Cumulative and Spillover Effects

Finally, petitioner contends that the Court should not ignore the cumulative and spillover effects of his attorneys' deficiencies. Rather than evaluate each individual error separately, a court must consider a pattern of errors in its totality. Goodman v. Bertrand, 467 F.3d 1022, 1030 (7th Cir. 2006). Similarly, the Second Circuit has held that when some convictions are overturned, a court must consider any spillover effects on the remaining convictions. Lindstadt v. Keane, 239 F.3d 191, 205 (2d Cir. 2001). Yet the Court does not find any instances of constitutionally deficient performance here, so there is no pattern that must be considered in its totality. The Court is also not overturning any convictions, so there are no spillover effects.

Certificate of Appealability

Should petitioner wish to appeal, he must secure a certificate of appealability either from this Court or the Seventh Circuit. See Fed. R. App. P. 22(b); 28 U.S.C. § 2253(c)

(1). A certificate of appealability may issue only if the petitioner has made a "substantial showing of the denial of a constitutional right," § 2253(c)(2), which means that when the district court has denied the constitutional claims on the merits, the petitioner must show that "reasonable jurists would find the district court's assessment of the constitutional claims debatable or wrong," Slack v. McDaniel, 529 U.S. 473, 484 (2000). The petitioner need not show that his appeal will succeed, Miller--El v. Cockrell, 537 U.S. 322, 337 (2003), but he must show "something more than the absence of frivolity" or the existence of mere "good faith" on his part, id. at 338 (quoting Barefoot v. Estelle, 463 U.S. 880, 893 (1983)).

Here, petitioner's underlying constitutional claims, e.g., due process, are without merit. They either depend on Illinois law, which is not relevant to his federal convictions, or have already been addressed by the court of appeals. His other allegations of attorney error are either frivolous or serve only to illustrate how well his attorneys did represent him. Accordingly, the Court does not find that reasonable jurists would find its assessment of the constitutional claims debatable or wrong. A certificate of appealability will not be issued. If petitioner wishes to appeal, he may request that a circuit judge issue the certificate. See Fed. R. App. P. 22(b)(1).

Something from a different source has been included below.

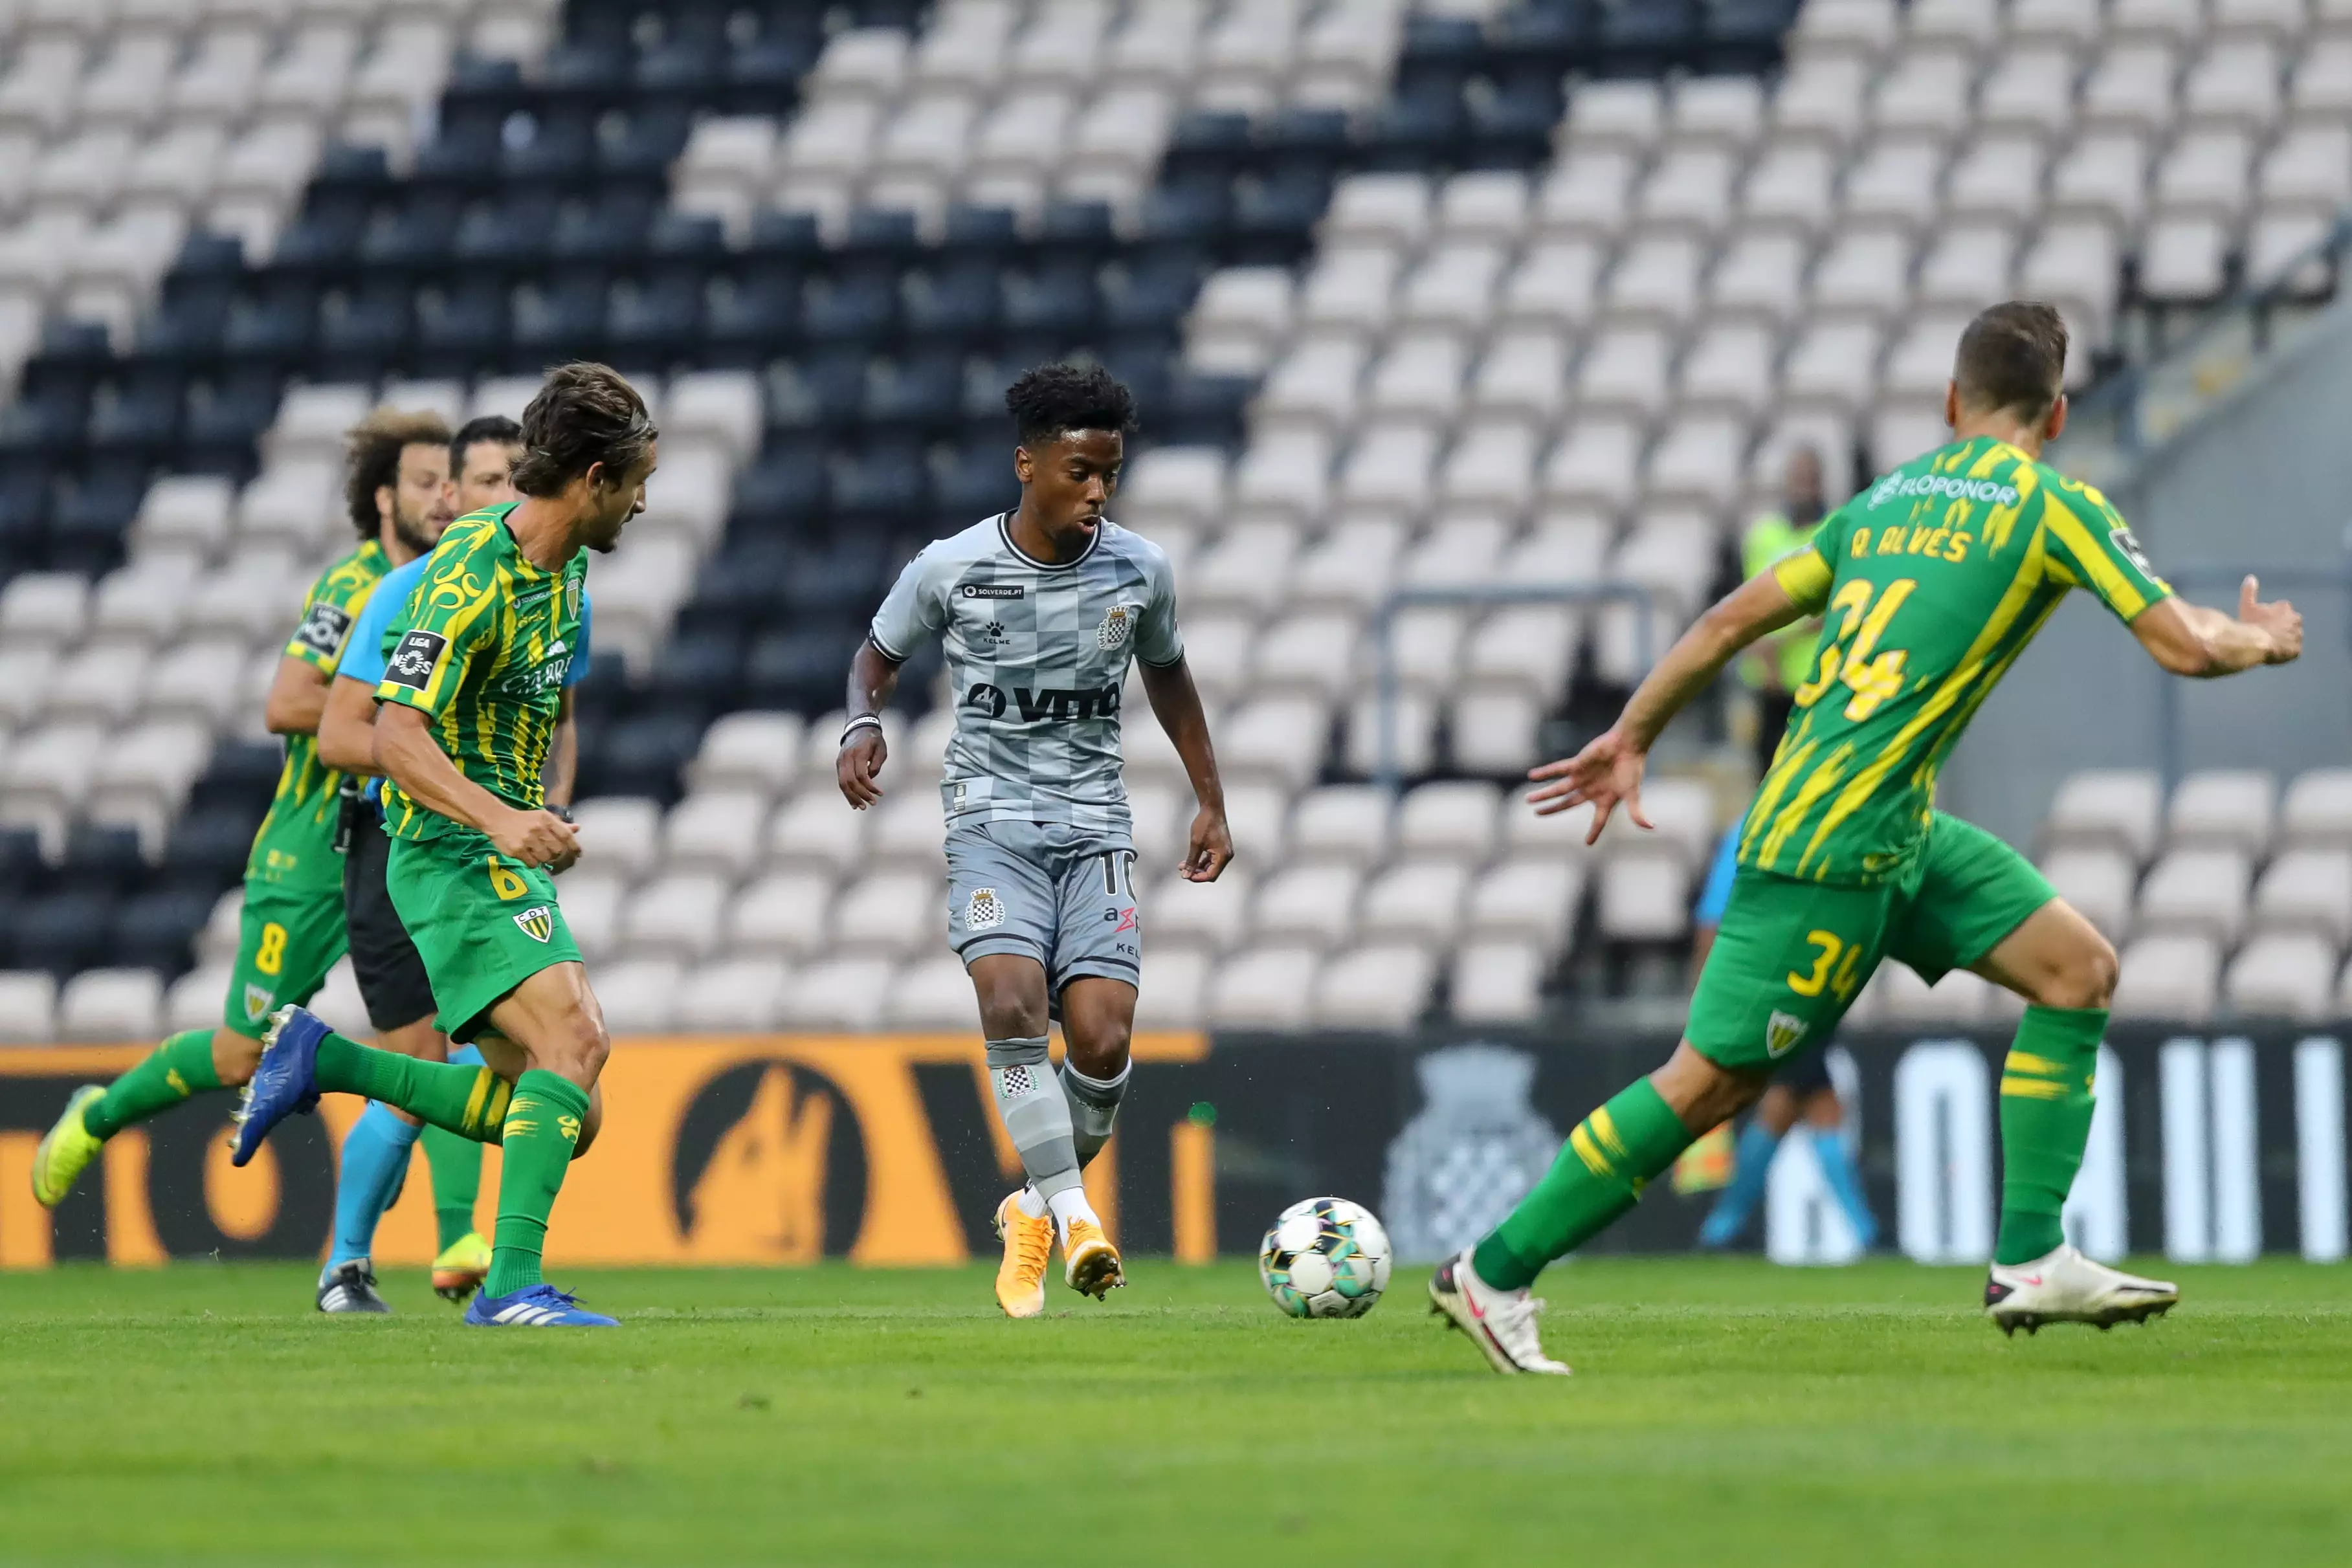 Gomes playing for Boavista on loan. Image: PA Images

Petitioner's motion to vacate, set aside, or correct his sentence pursuant to 28 U.S.C. § 2255 (Doc. 12) is DENIED. Petitioner's motions for summary judgment (Doc.

30) and to expedite the entry of orders (Doc. 35) are DENIED as moot. The Court declines to issue a certificate of appealability. This case is DISMISSED WITH PREJUDICE. The Clerk of Court is DIRECTED to enter judgment accordingly.